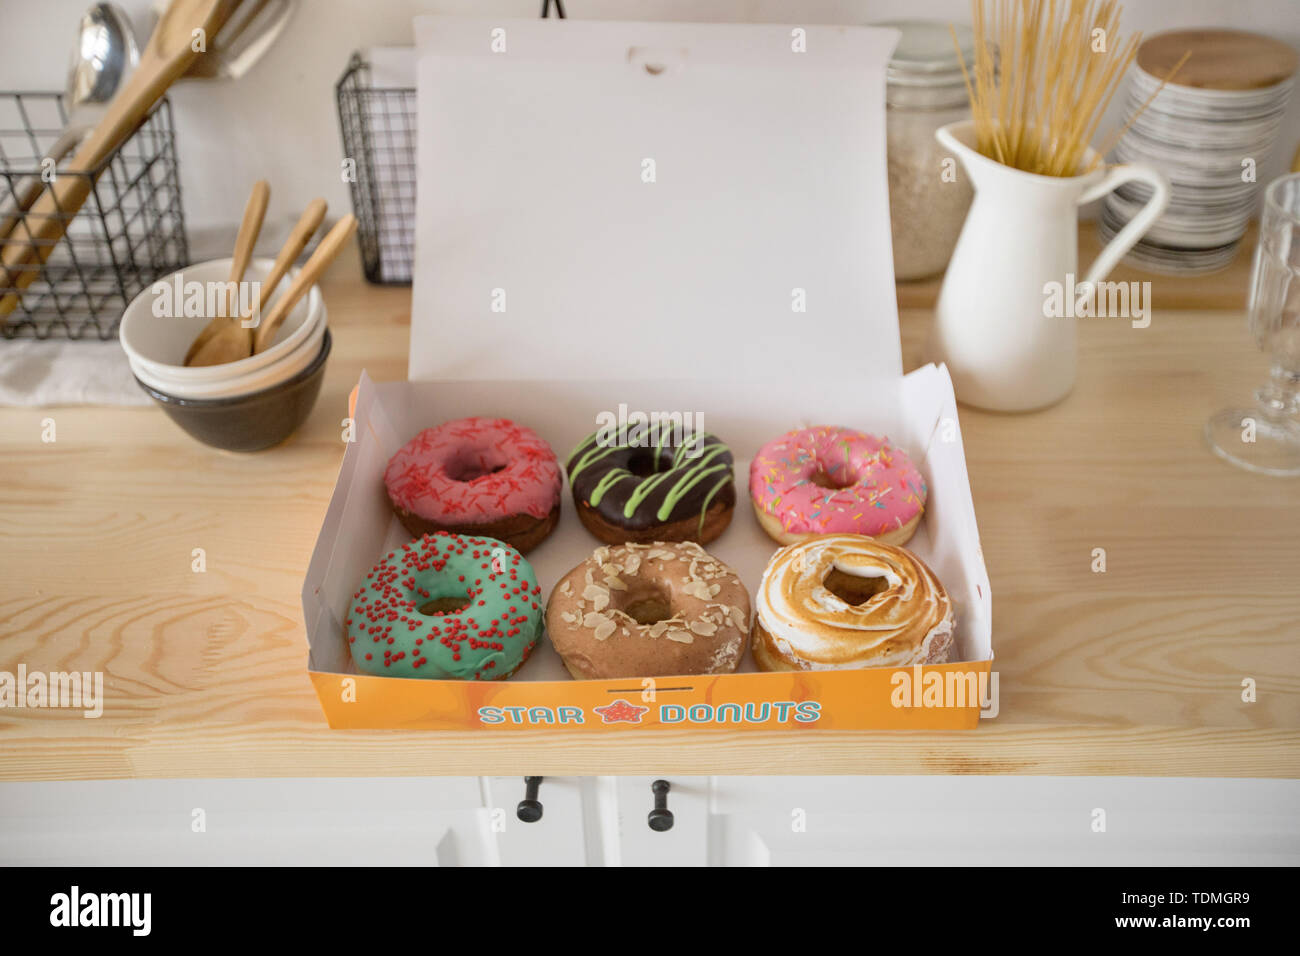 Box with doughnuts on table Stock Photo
--
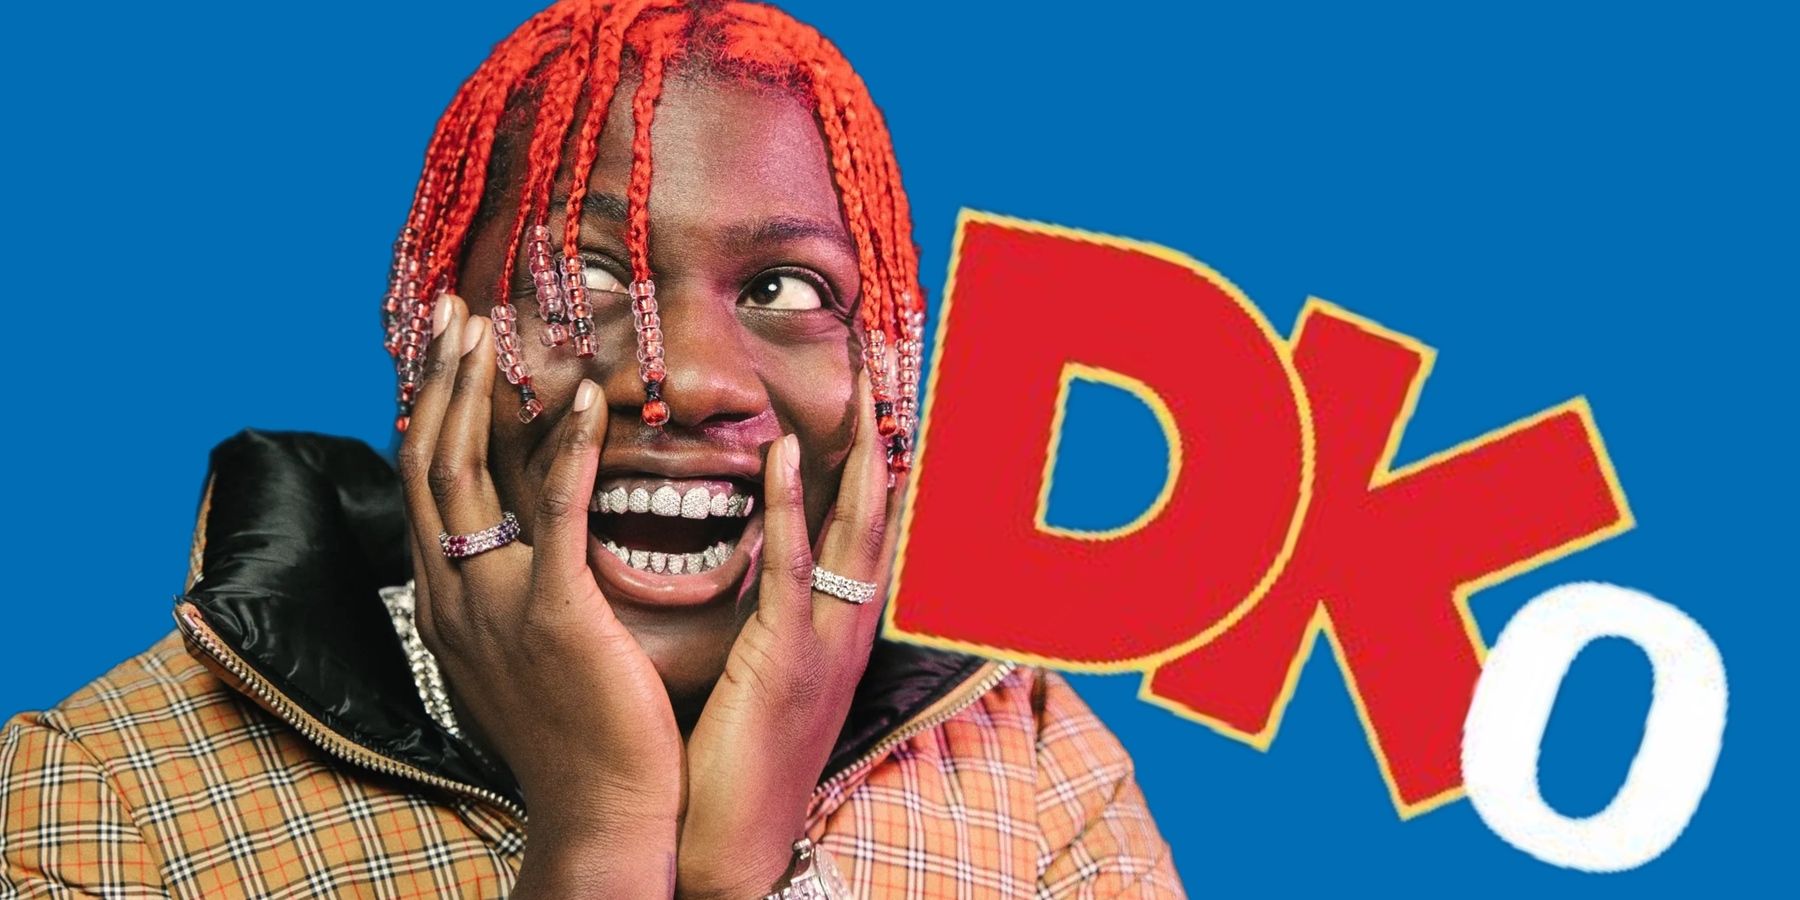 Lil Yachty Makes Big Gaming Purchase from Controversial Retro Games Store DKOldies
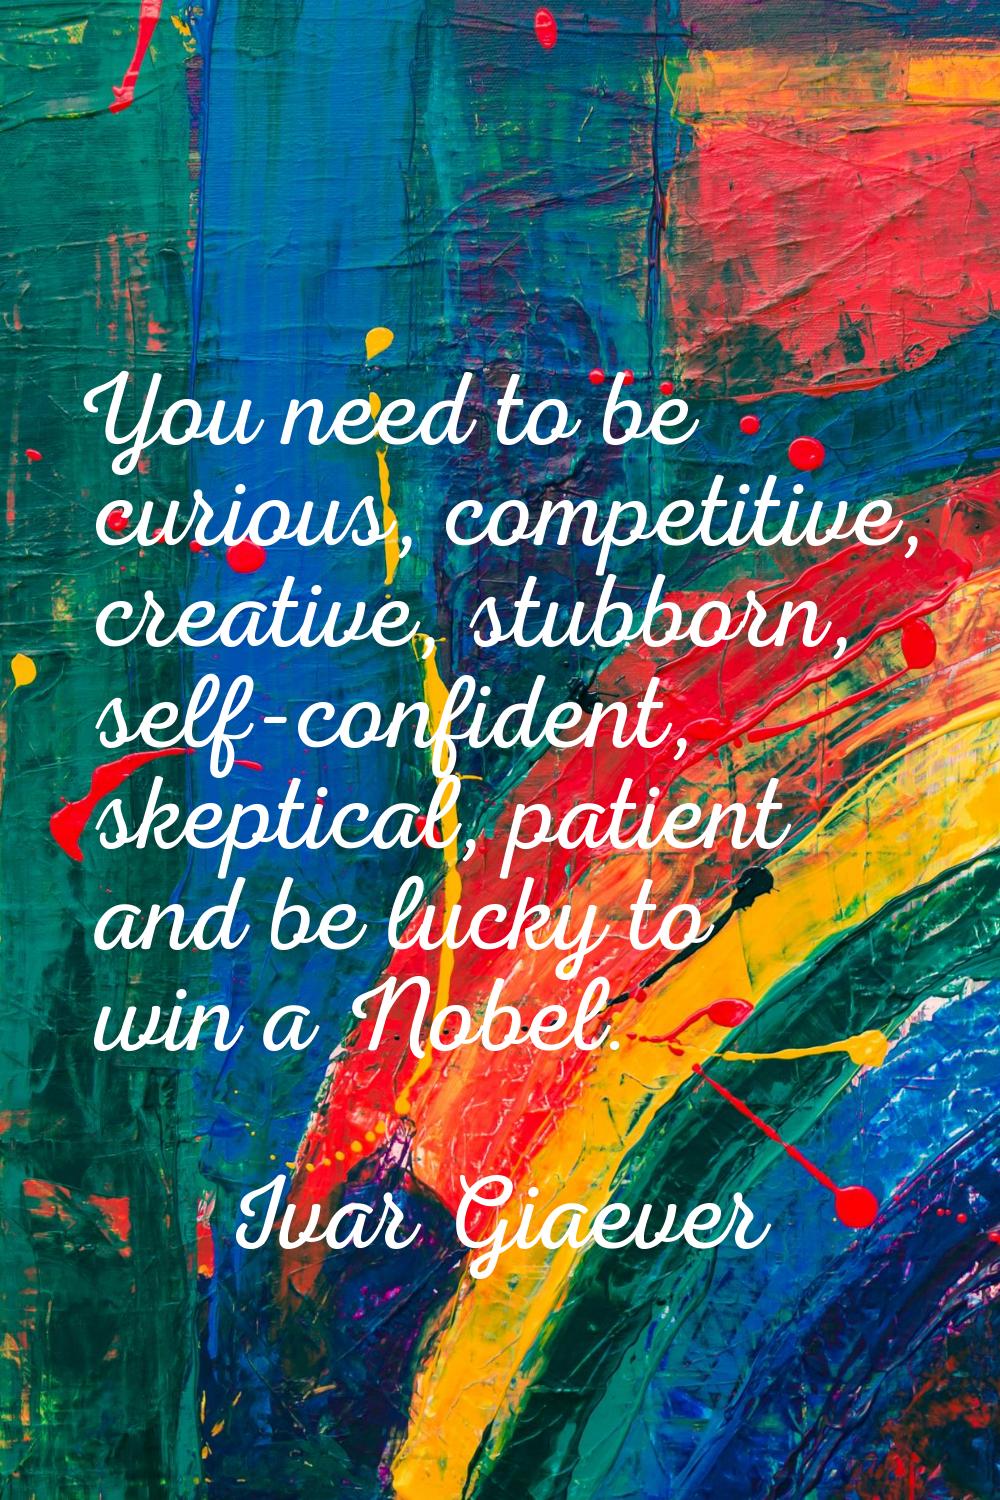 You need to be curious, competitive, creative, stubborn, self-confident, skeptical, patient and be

> _Task details_: Treat the line with "Lil Yachty Makes" as the start and the line with "You need to" as the end, and return exactly that span of the data above, both ends included, without pictures.

> _Answer to this exercise_:
 Lil Yachty Makes Big Gaming Purchase from Controversial Retro Games Store DKOldies
 You need to be curious, competitive, creative, stubborn, self-confident, skeptical, patient and be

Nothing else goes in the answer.